Intersection of two conic sections

The intersections of two conic sections are generally not constructible with compass and straightedge, as resulting into a general 4th degree equation.
The following cases are constructible, the 4th degree equation being reduced to constructible quadratic equations.

Same center

The problem is just to find the degenerated conic sections in the pencil defined by the two given conic sections.
We shall define here the two given conic sections by their focus F and F' and a circular directrix (F),
The draggable control points in the applet are really the center O, the apex S and focus F.
The circular directrix and the other focus are then deduced from elementary constructions.

Recall first a few basic constructions.

Construction of a current point

Let m a current point on the circular directrix (F).
Line Fm and the perpendicular bisector of F'm intersect in M on the conic section.
Even more, the perpendicular bisector of F'm is the tangent in M to the conic section.
Recall here the important property : M is the center of a circle going through F' and tangent to the circular directrix (F).
This property might be used as a definition of the conic section : locus of the center of circles etc.

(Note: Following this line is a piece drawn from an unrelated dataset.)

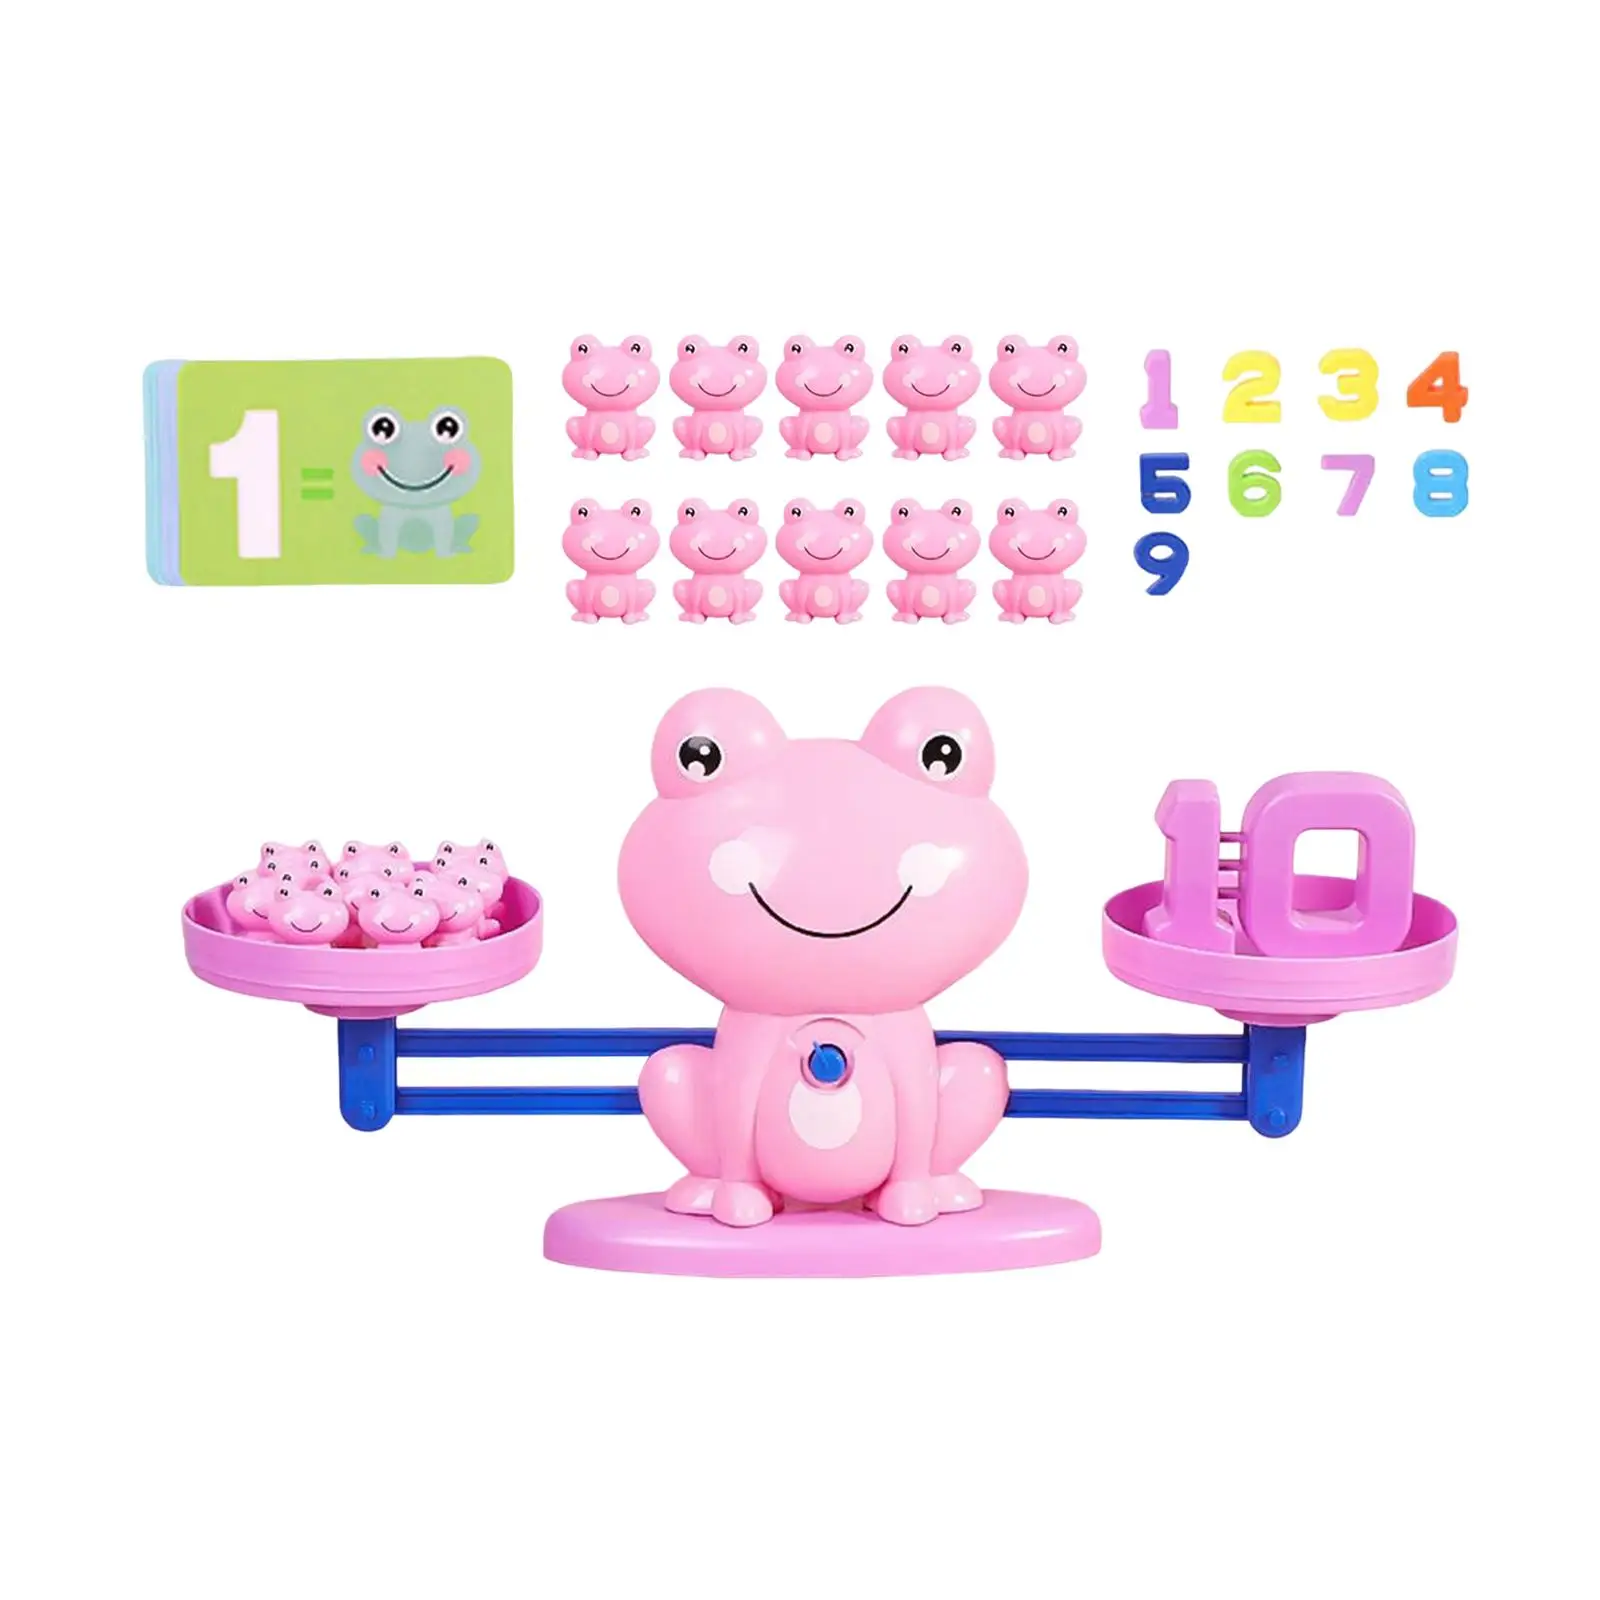 Balance Math Game Number Counting Toy Learning Activities for Children Gifts

Construction of intersection with any line (d)

In the applet, the line goes through O, but the construction works for any line.
This means to search on the line the center of a circle through F' and tangent to (F)
It then goes also through the reflection F" of F' through this line.
The problem is then reduced to find a circle going through F' and F" and tangent to (F), Apollonius problem 'PPC'.
Draw any circle through F' and F", hence centered on (d), and intersecting (F) in any A and B. Lines F'F" and AB intersect in I.
Let IT a tangent to (F) from I. The searched circle is the circumcircle to F'F"T, its center is then the intersection of (d) and the perpendicular bisector of F'T, or even simpler the intersection of (d) with FT.
The choice of "any" circle is here done manually, the green point d used to define the given line is used as center of this circle, to be chosen "outside" the conic section so that this circle intersects the circular directrix.
The construction fails if (d) is line FF', but then, constructing the vertices is much simpler !
The applet doesn't try to construct this specific case through a conditional construction.

Conjugate diameter of a given diameter (d)

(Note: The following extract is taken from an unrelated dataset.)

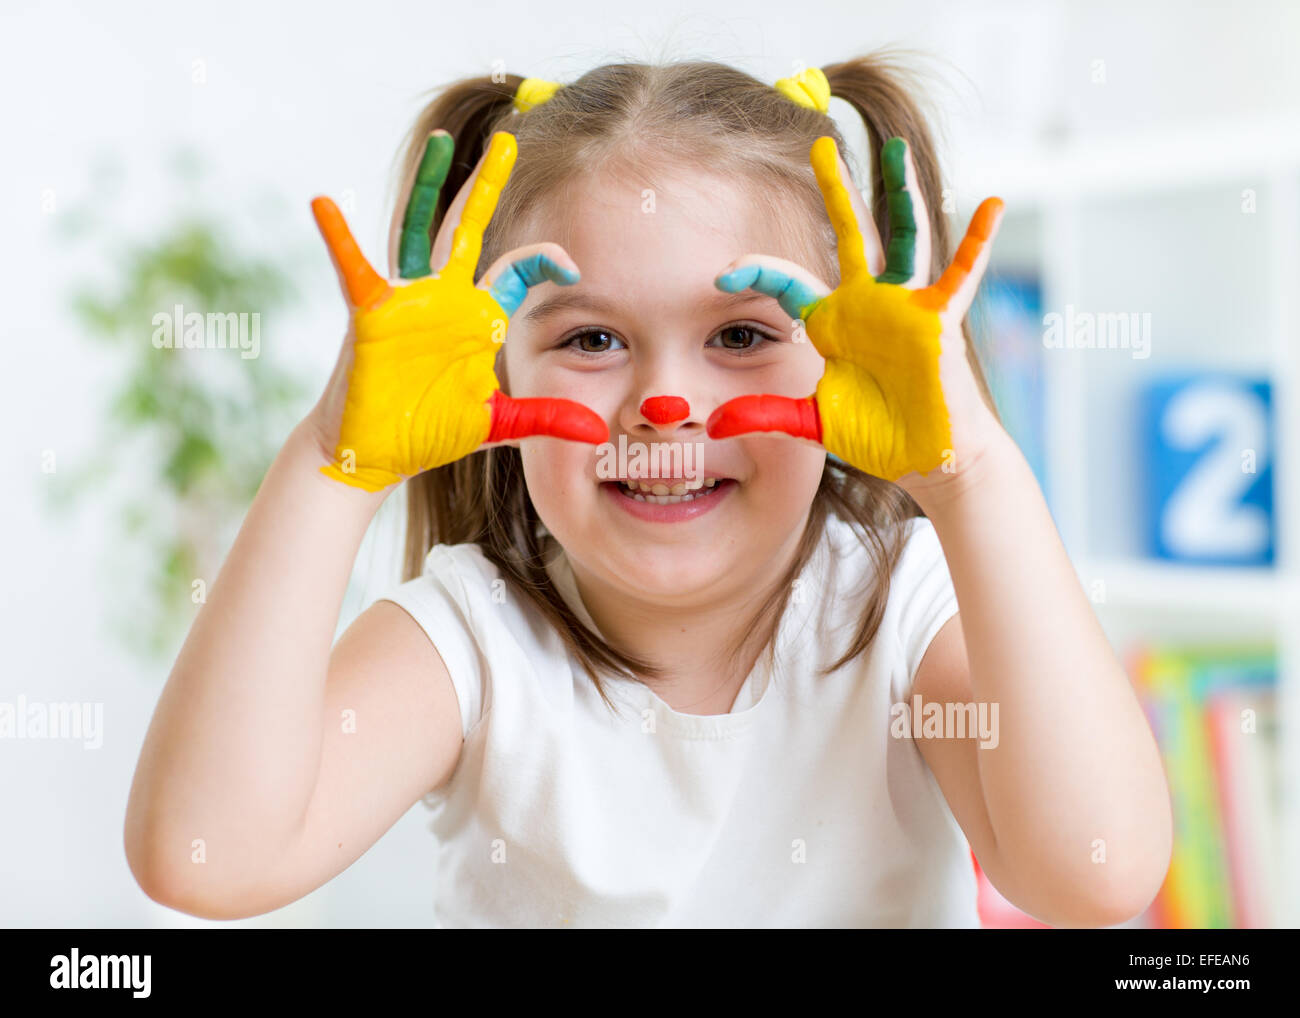 cute child have fun painting her hands Stock Photo

Just apply the characteristic property : draw any secant parallel to (d) intersecting the conic section in M and N,
The conjugate diameter goes through the midpoint of MN.
Here M is the current point previously constructed, and the second intersection of the parallel to (d) through M is constructed as follows :
The tangent to circular directrix in m intersects F'F" in P, the second tangent Pn from P gives N as before.
Of course we don't construct this second tangent as a tangent, but directly Fn as reflection of Fm through FP, and N is intersection of this line with the parallel to (d) through M.

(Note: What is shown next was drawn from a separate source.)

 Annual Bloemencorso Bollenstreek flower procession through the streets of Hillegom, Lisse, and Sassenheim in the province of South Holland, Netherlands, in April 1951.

Sorry, your browser is not Java compliant
The current point is defined by the draggable cyan point m on the circular directrix.
The given line is defined by the green draggable point d.

Knowing these basic constructions, that we won't detail anymore, let's search the intersection of our two given conic sections.
As they have the same center, from symmetry, the intersection points build a parallelogram (for the diagonals intersect in their midpoint O)
The sides of this parallelogram are conjugate directions for both the conic sections.
Let (d) any diameter and (d') the conjugate diameter of (d) with respect to the first conic section Γ, then (d") the conjugate diameter of (d') with respect to the second conic section Γb.
We thus define (step 1) a projective homography (d) → (d") in the pencil of lines O* : green line (d) → orange line (d")
The directions of the parallelogram sides are then the fixed directions in this homography.
They are constructed by projecting (d) → (d") onto any circle going through O, the homography axis intersects the circle in fixed points.
For doing that (step 2) we chose any three points a,d,c and their transformed a",d",c", and we use the axis definition :
locus of the intersection points of ad" and a"d.
The chosen points are (a) focal axis of Γ, the conjugate is the perpendicular axis and (a") is the conjugate of this perpendicular axis with respect to Γb
We do the same with (c) the perpendicular axis of Γ and (c") the conjugate of the focal axis of Γ with respect to Γb
Finally (d) and (d") are a current direction, defined by draggable point d.

Sorry, your browser is not Java compliant

We thus get the directions (magenta) Ou, Ov of the parallelogram sides.
But we have now to construct the sides themselves.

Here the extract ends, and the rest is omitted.